Things you may not know about Oliver Cromwell
Oliver Cromwell in brief
When Oliver Cromwell was born in Huntingdon in 1599, there was nothing to show that he would become one of the most influential men in the history of Britain. His parents belonged to the lower ranks of the gentry and he grew up to be a famer and minor landowner.
In his 30s, he turned strongly to Puritanism and, in parliament, become known for his outspoken views on the monarchy and the Church. However, it was his success as a soldier in the Civil Wars that lifted him to power.
Although Cromwell had no previous training as a soldier, as a cavalry officer he rose through the ranks of the Parliamentarian Army to become one of its leading commanders. He also supported lower-class men being promoted to commands, if they were godly and capable, making a stir among the generals!
Cromwell was good at tactics and strategy. He was key in parliament's victory at Marston Moor in 1644 and Naseby in 1645. Cromwell appeared to have an amazing ability to make his men believe in themselves; his certainty that they had God on their side led to their wonderful success as a fighting force.
Cromwell's life as a statesman, and the first ever non-Royal ruler of England, seems extraordinary when one thinks of his humble beginnings. During his time as Lord Protector, England enjoyed a greater amount of personal religious freedom than it had for years before or after; laws were made to be more humane and judges more honest. However, he also clamped down on drinking, gambling and playing games on a Sunday, which made him unpopular with many ordinary people.

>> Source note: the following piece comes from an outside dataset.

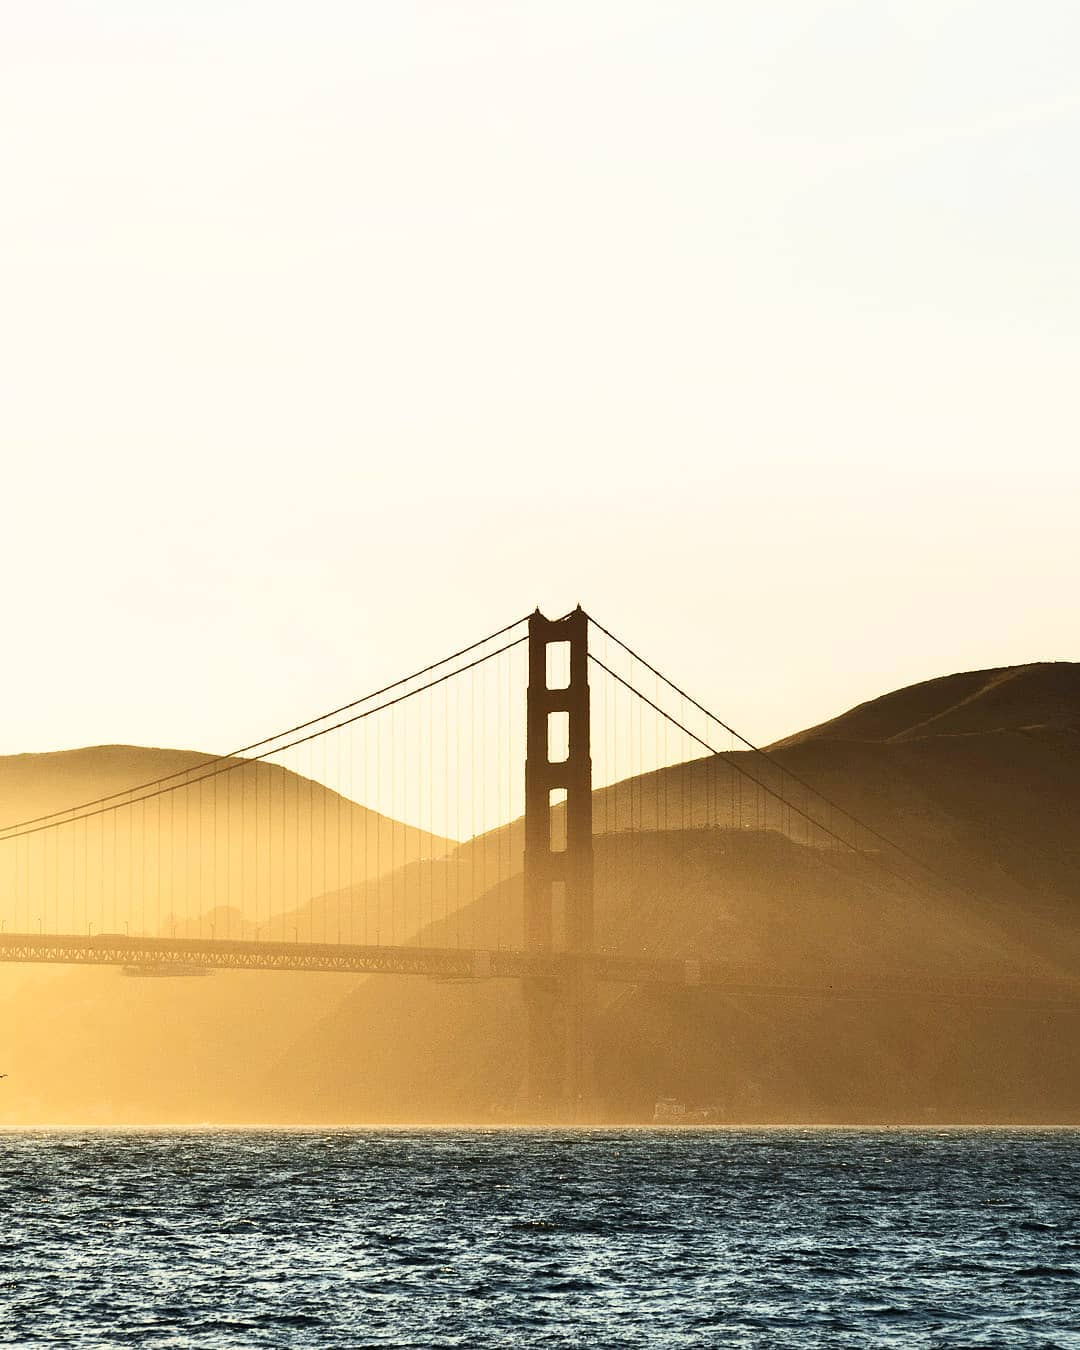 6è Premi Instagram: "Golden hour near the Golden Gate Bridge." Foto: miquelserrra.
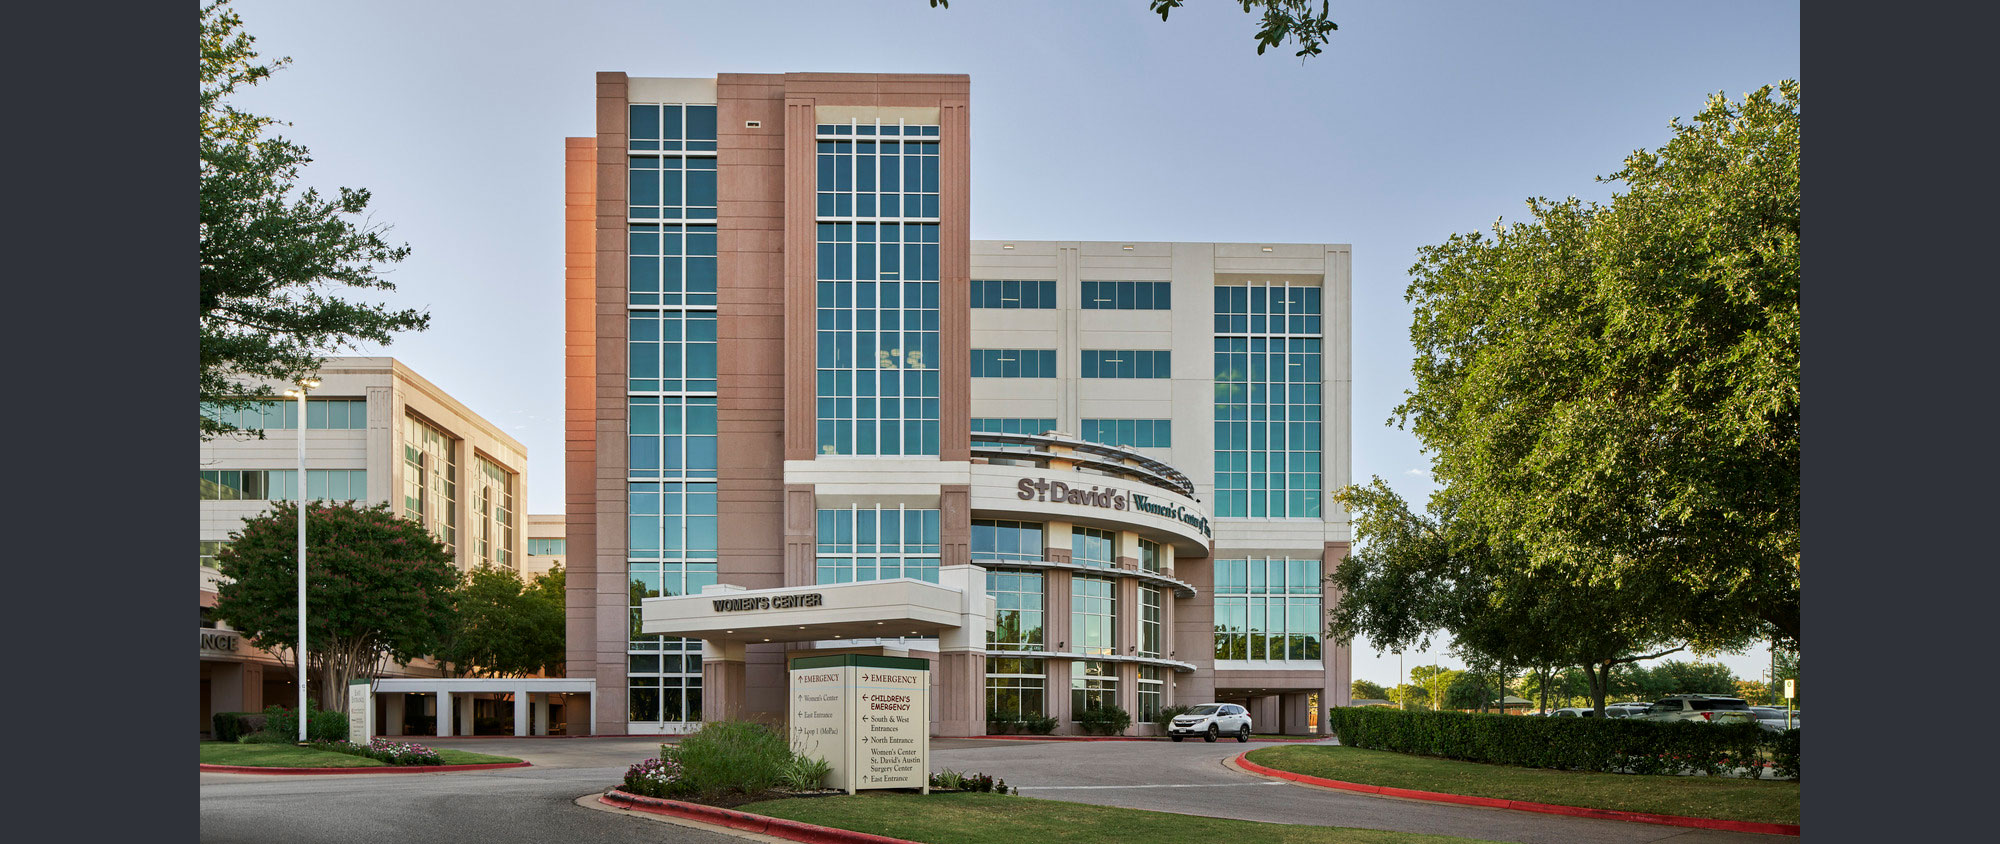 St. David’s North Austin Medical Center

Cromwell could be ruthless in battle and his brutal actions in crushing opposition in Ireland were to cause great bitterness between the Irish and English. Yet there have been very few men able to hold such great power as Cromwell had, without abusing it - and even fewer would have turned down the chance to become king of England!
Since his death in 1658, his motives and actions have been the subject of much debate. Whatever you feel about the man and his actions, for good or bad, his importance in one of the most troubled times of British history is not in doubt.